SUPPLIED MATERIAL =
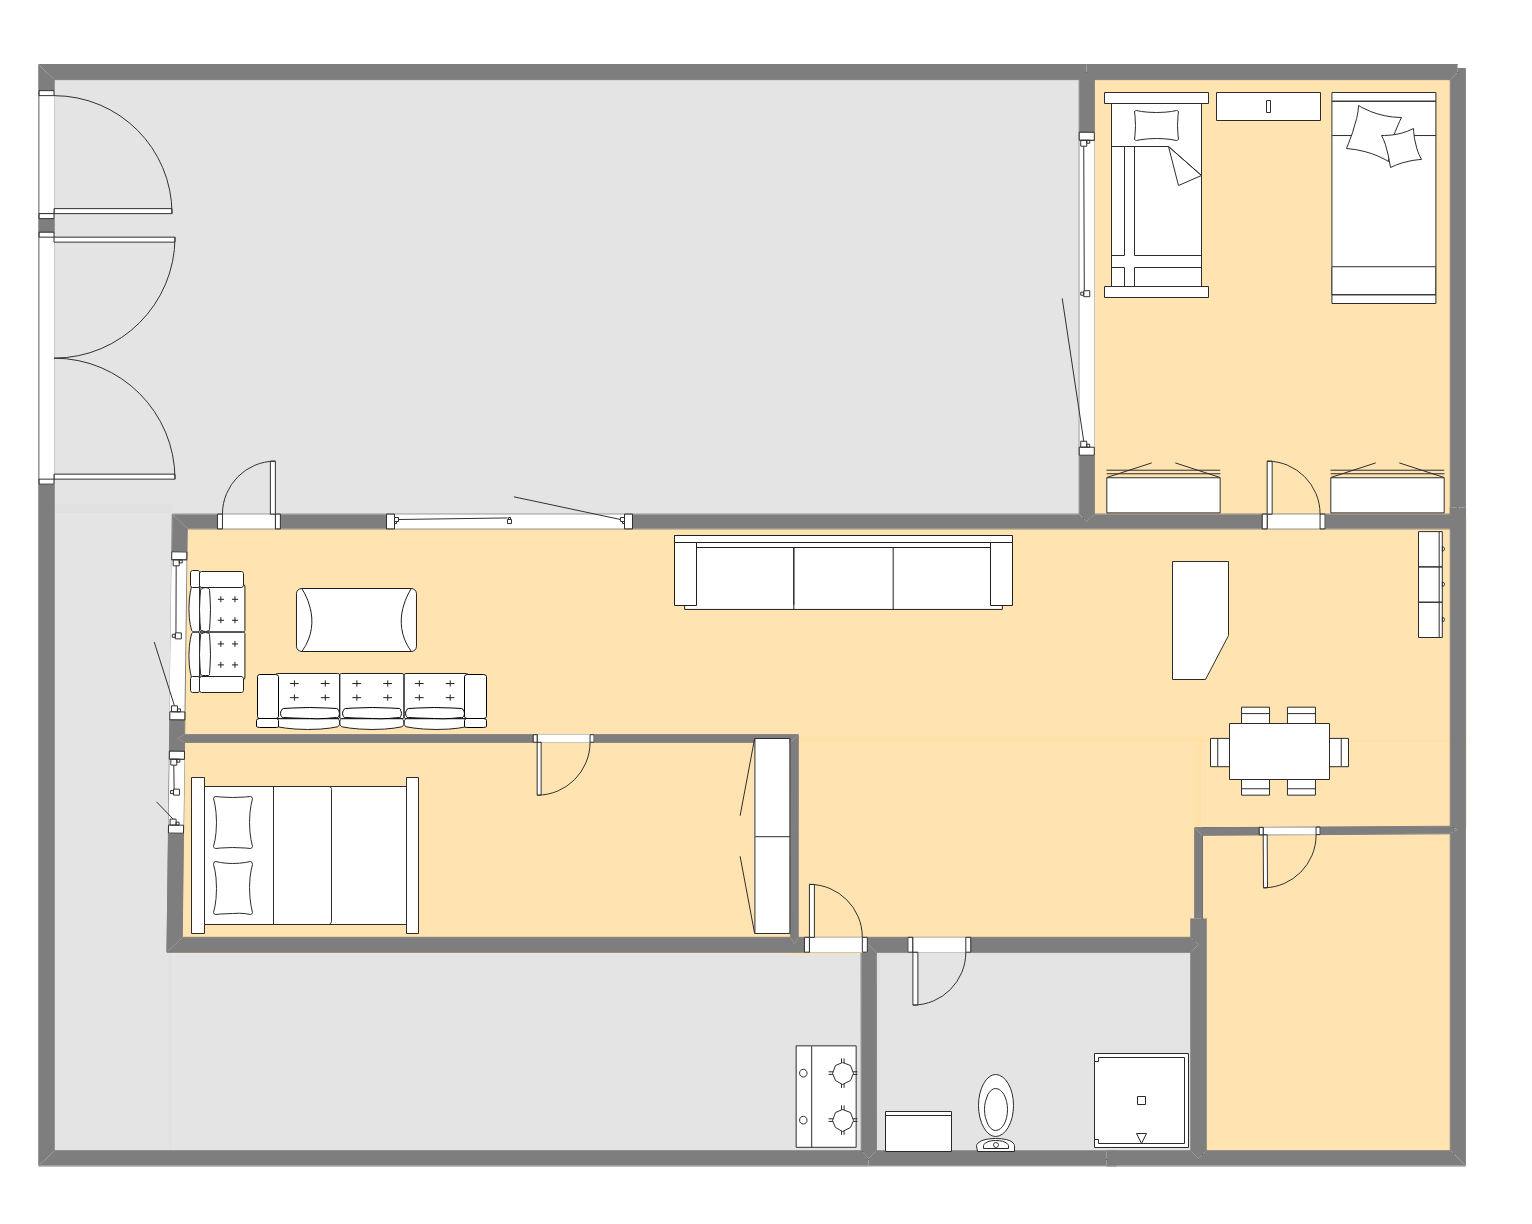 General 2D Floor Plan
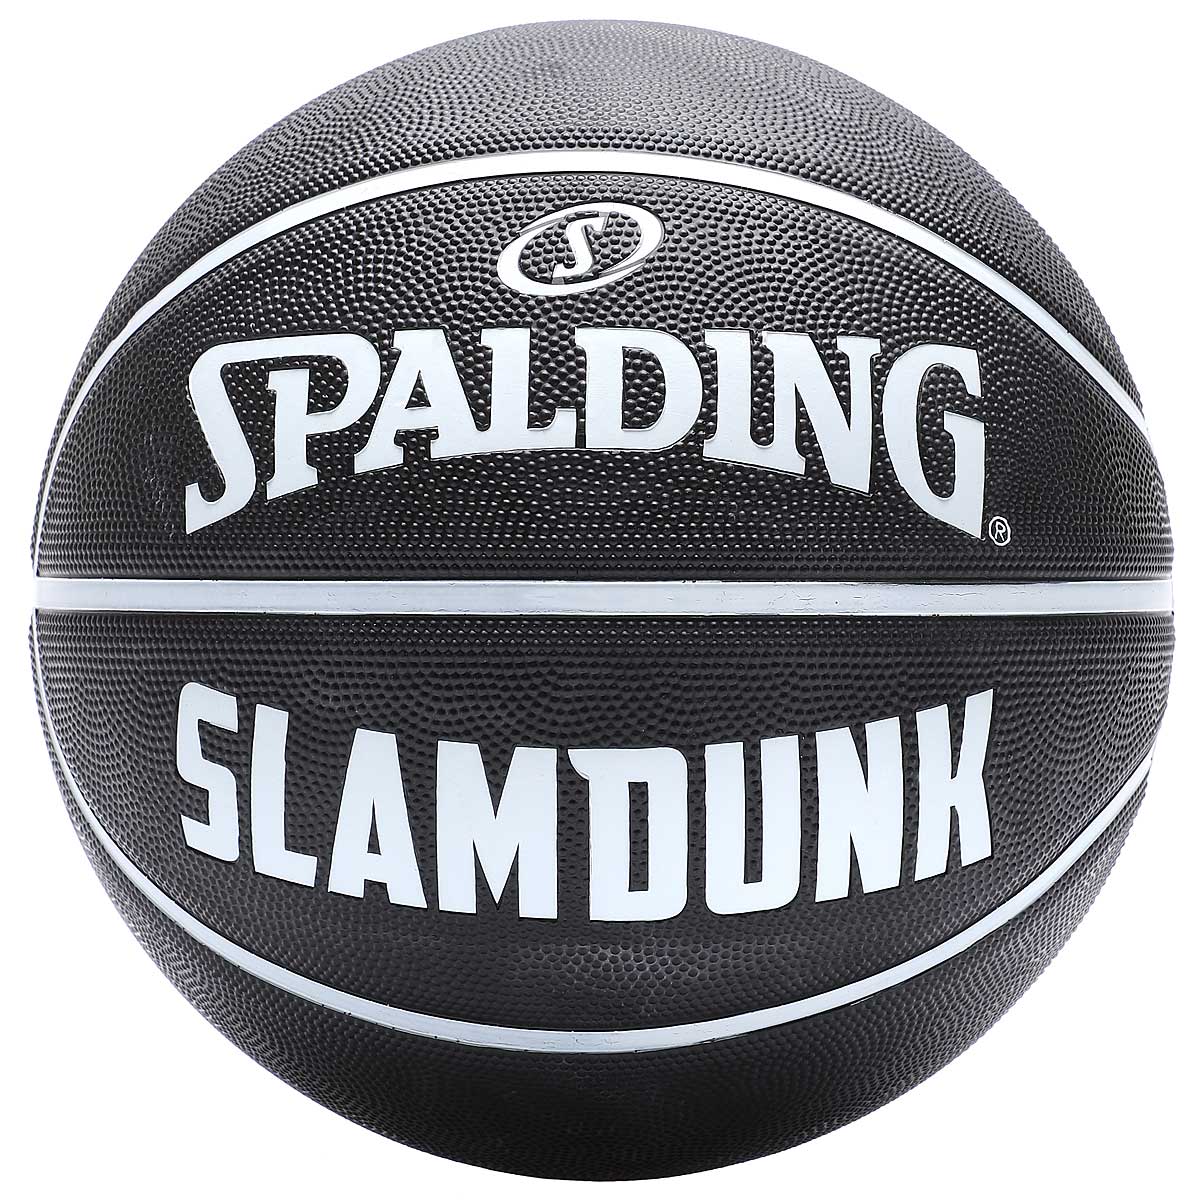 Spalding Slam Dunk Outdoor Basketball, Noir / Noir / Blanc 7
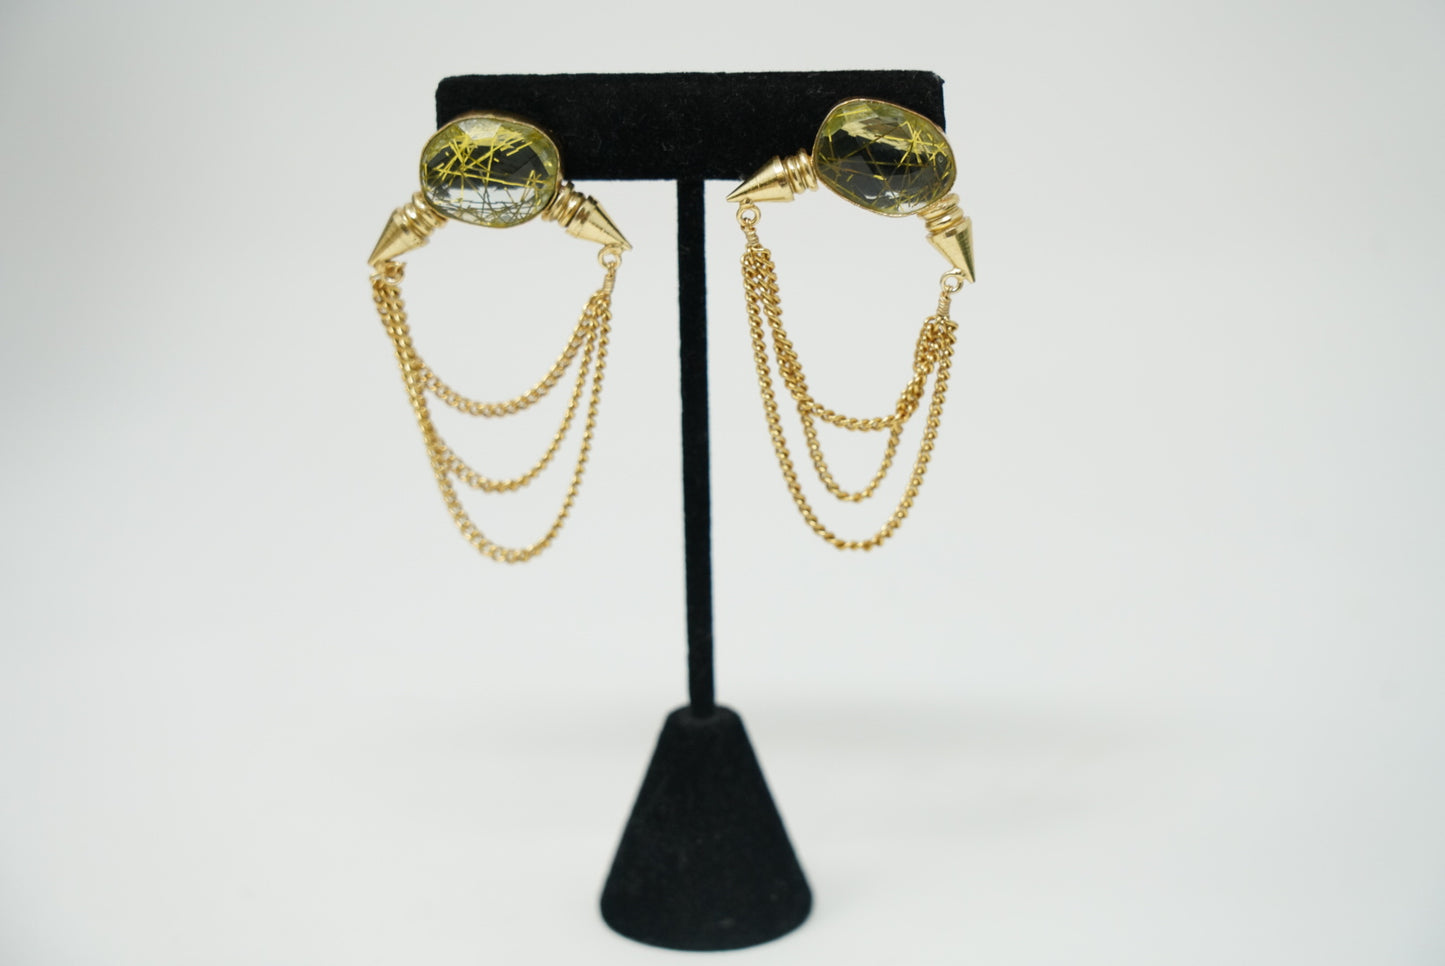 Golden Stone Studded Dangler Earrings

PROBLEM STATEMENT = Reproduce all of the material exactly, apart from the pictures.

OUTPUT OF THE TASK =
 General 2D Floor Plan
 Spalding Slam Dunk Outdoor Basketball, Noir / Noir / Blanc 7
 Golden Stone Studded Dangler Earrings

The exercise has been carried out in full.